This repository contains code to:
- Convert the mUSE (Multilingual Universal Sentence Encoder) transformer model from TF Hub format to PyTorch and ONNX formats.
- Use these models using PyTorch and ONNX.
Important
The PyTorch model can be used not only for inference, but also for additional training and fine-tuning!
The model was transferred from TF Hub to ONNX using the tensorflow-onnx library:
python -m tf2onnx.convert --saved-model models/universal-sentence-encoder-multilingual-large-3 --output models/model.onnx --extra_opset ai.onnx.contrib:1
The model is available for download via the link, the inference code is available here.
The transfer of the model from TF Hub to PyTorch was carried out through manual work of direct translation of the calculation graph (you can visualize the ONNX version of the model via Netron) to PyTorch. Notebooks convert.ipynb and onnx_inference_and_debug.ipynb were used for conversion and debugging.

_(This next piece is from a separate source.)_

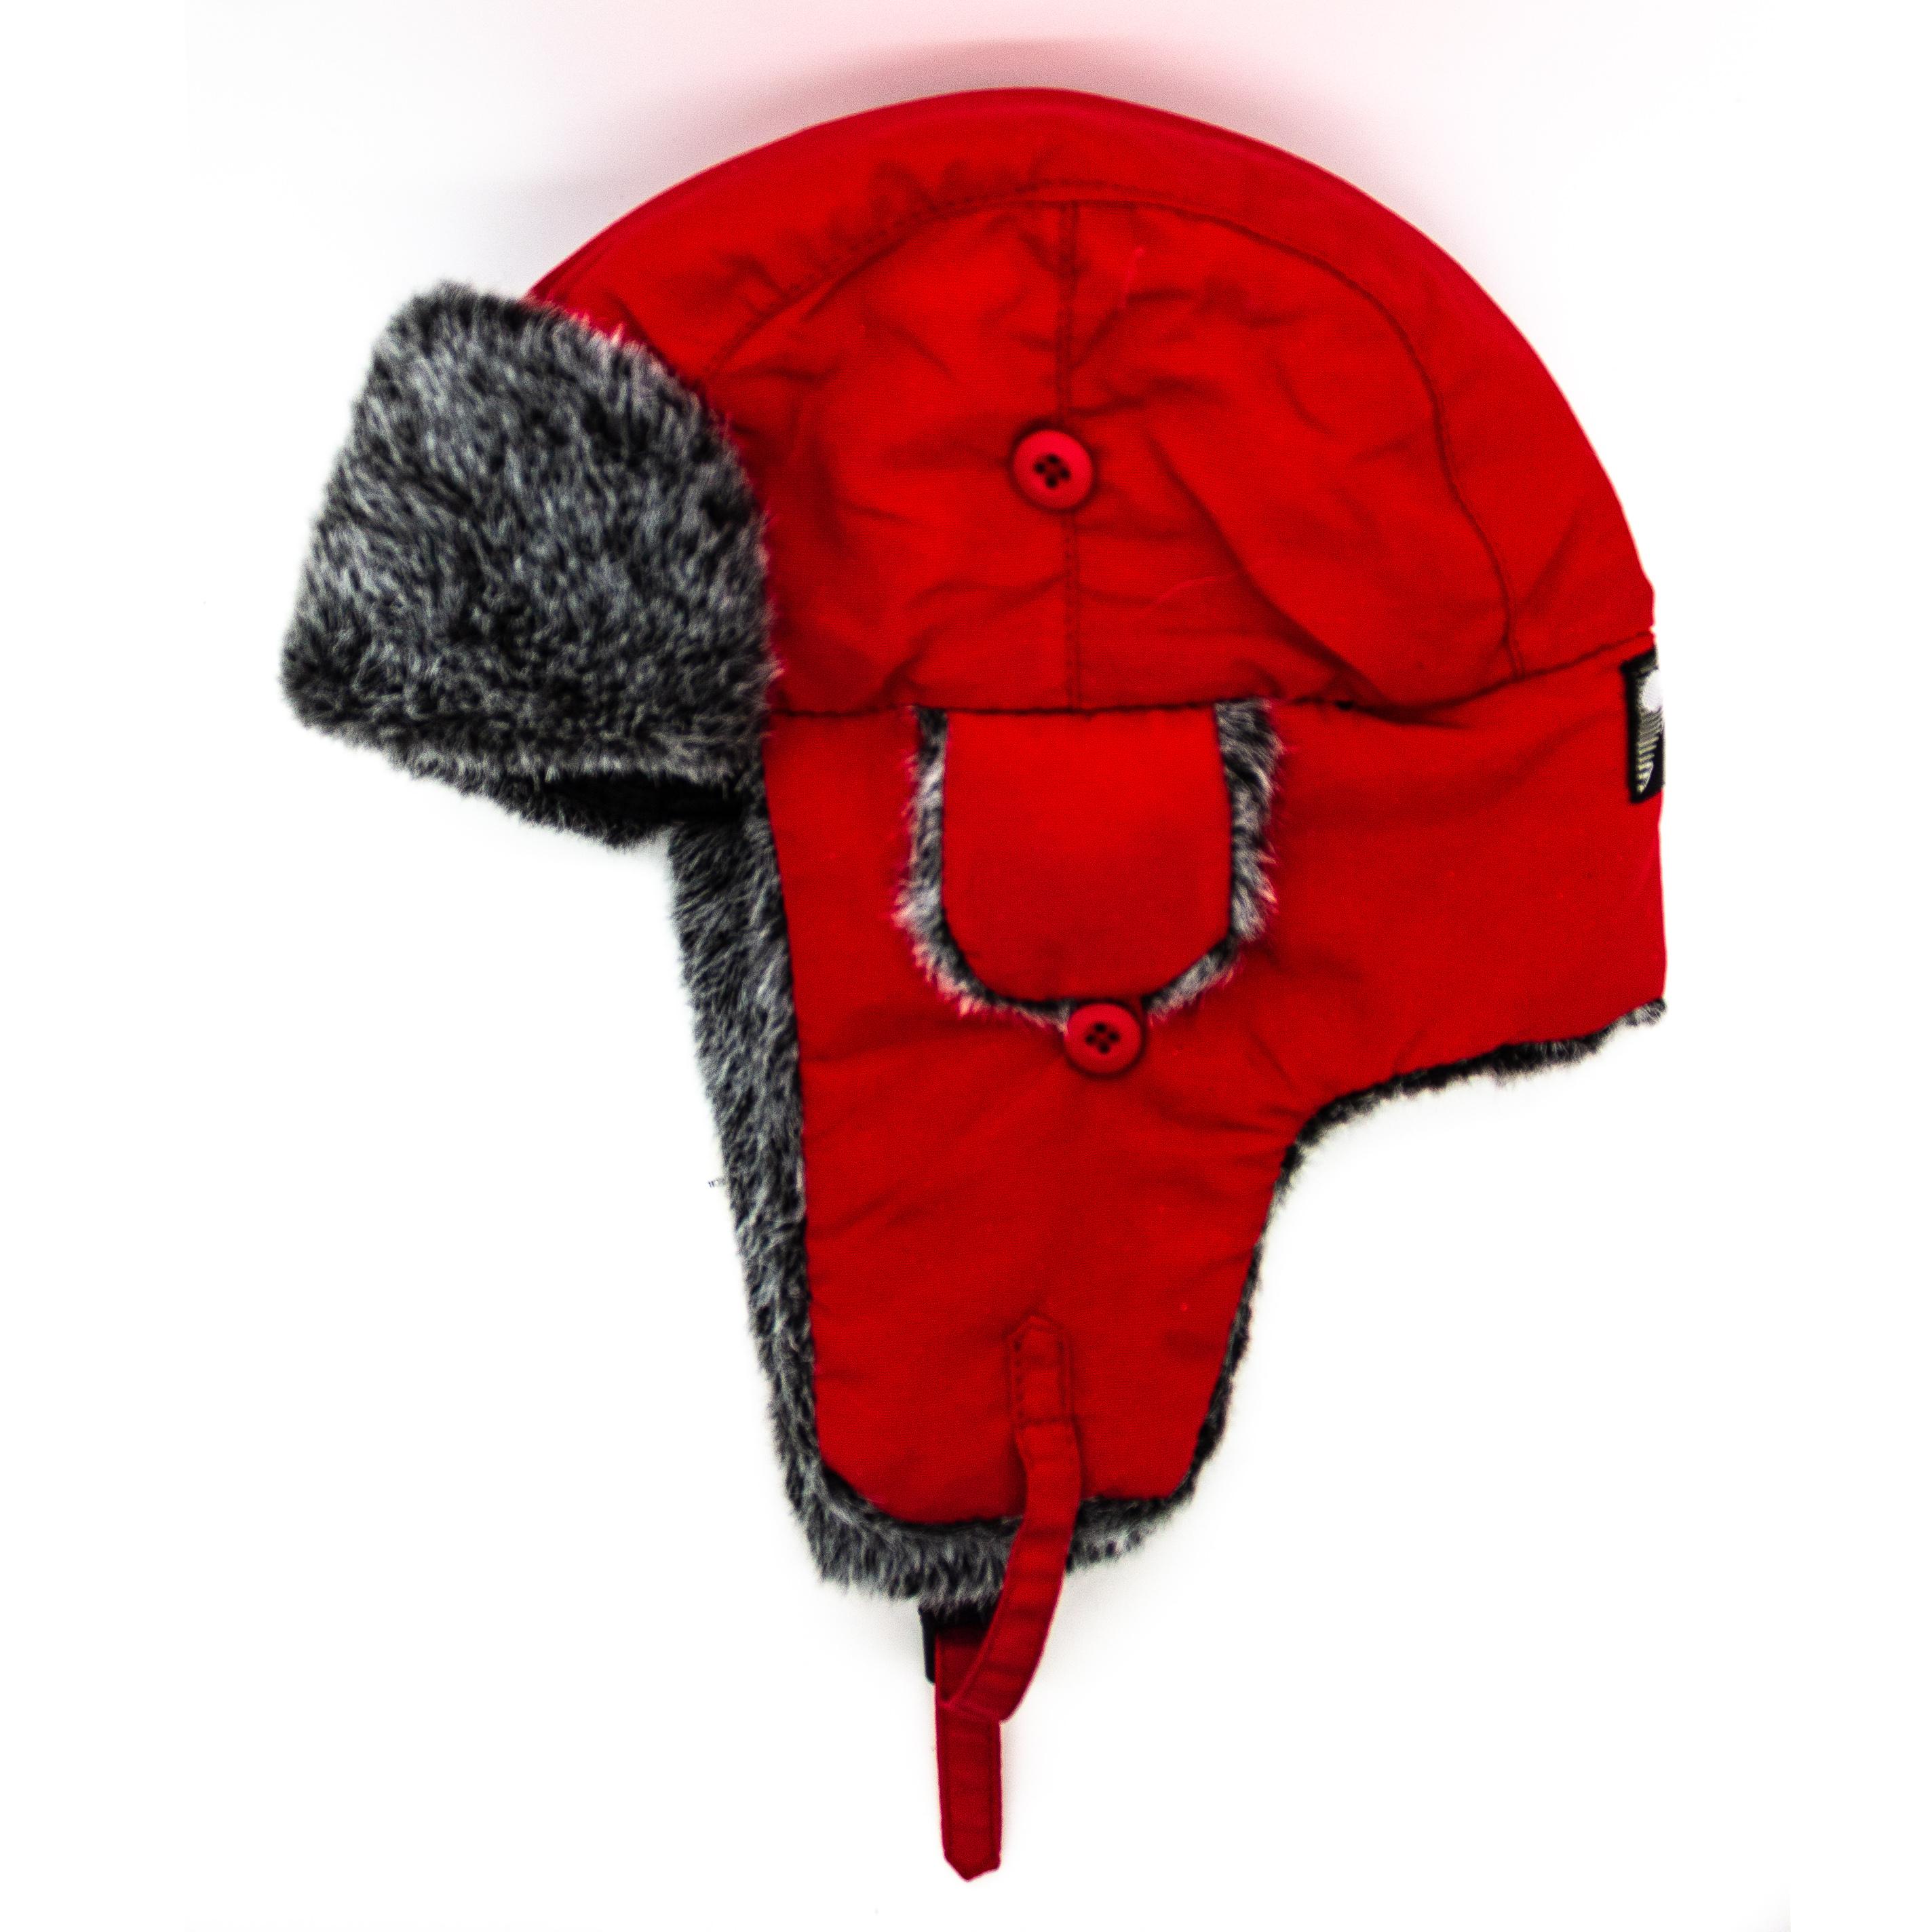 Talvihattu punainen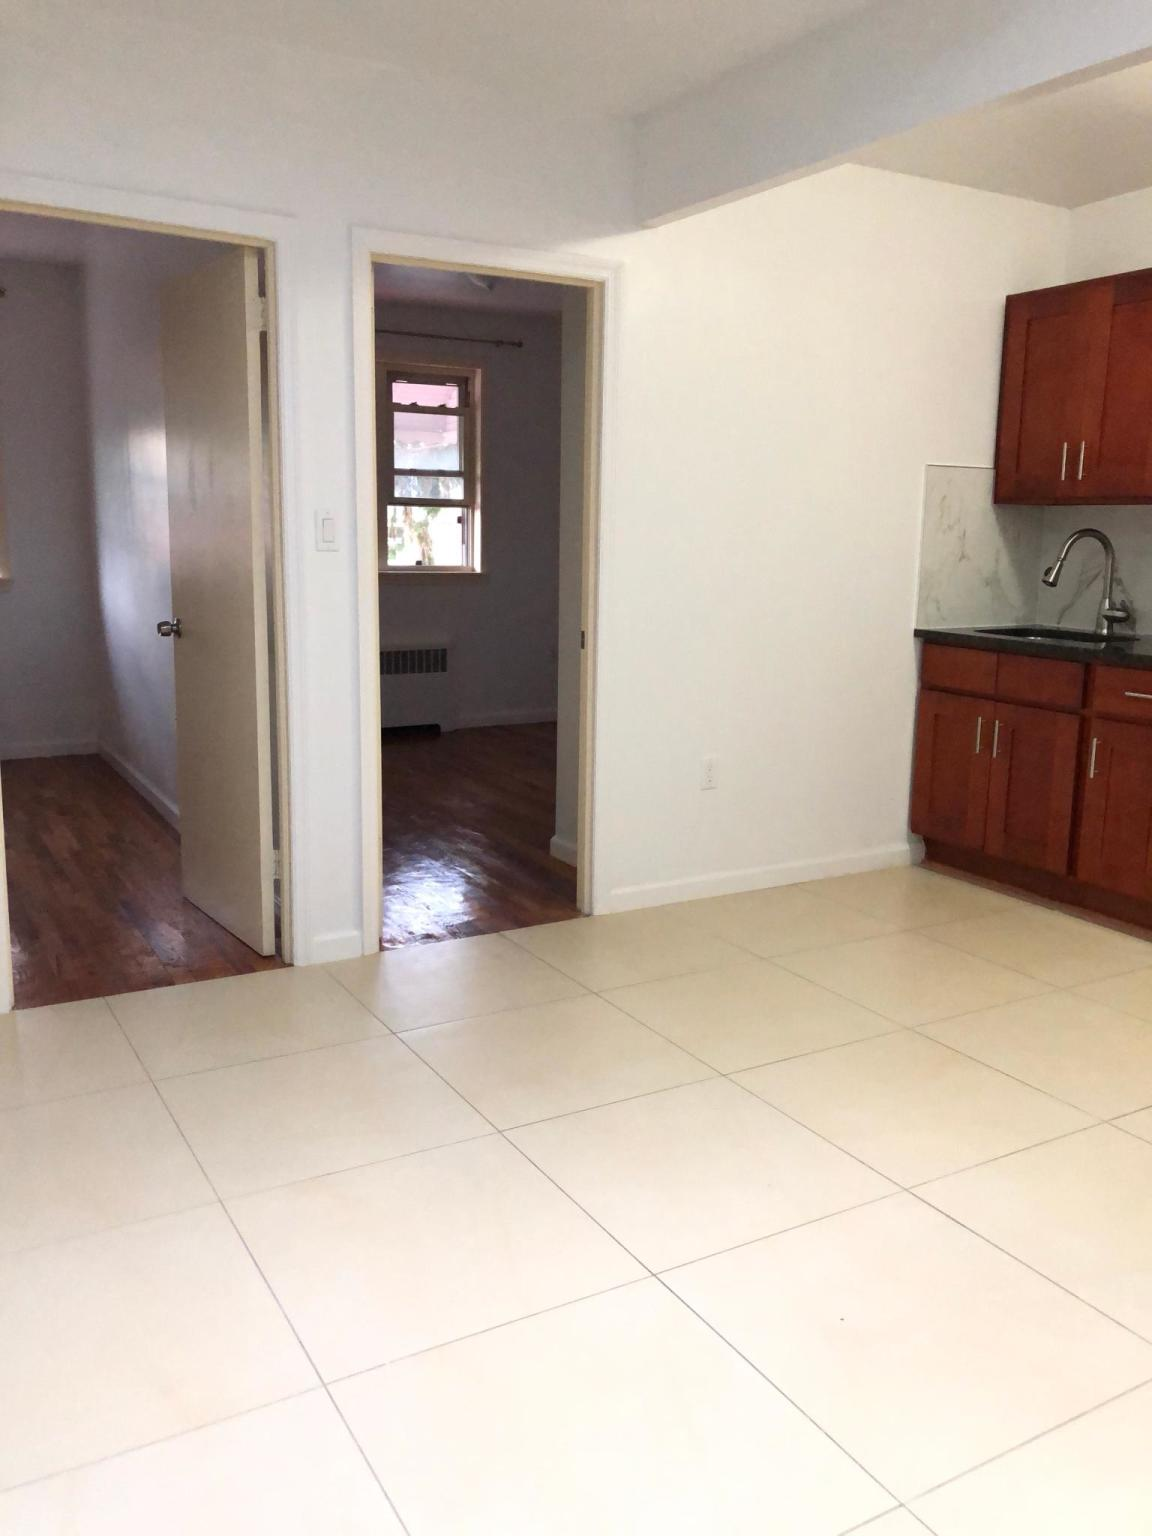 14830 58th Rd #2, Flushing, NY 11355 - 3 Bed, 1 Bath - 7

The model is available in HF Models directly through torch
(currently, without native support from the transformers
library).
Model initialization and usage code:
import torch
from functools import partial
from src.architecture import MUSE
from src.tokenizer import get_tokenizer, tokenize
PATH_TO_PT_MODEL = "models/model.pt"
PATH_TO_TF_MODEL = "models/universal-sentence-encoder-multilingual-large-3"
tokenizer = get_tokenizer(PATH_TO_TF_MODEL)
tokenize = partial(tokenize, tokenizer=tokenizer)
model_torch = MUSE(
num_embeddings=128010,
embedding_dim=512,
d_model=512,
num_heads=8,
)
model_torch.load_state_dict(
torch.load(PATH_TO_PT_MODEL)
)
sentence = "Hello, world!"
res = model_torch(tokenize(sentence))
Note
Currently, the checkpoint of the original TF Hub model is used for tokenization, so it is loaded in the code above.
For the TF Hub to work, the model needs the tensorflow-text
library, which is available in PyPI except for Apple Silicon, so it can be downloaded here.
Python >= 3.8.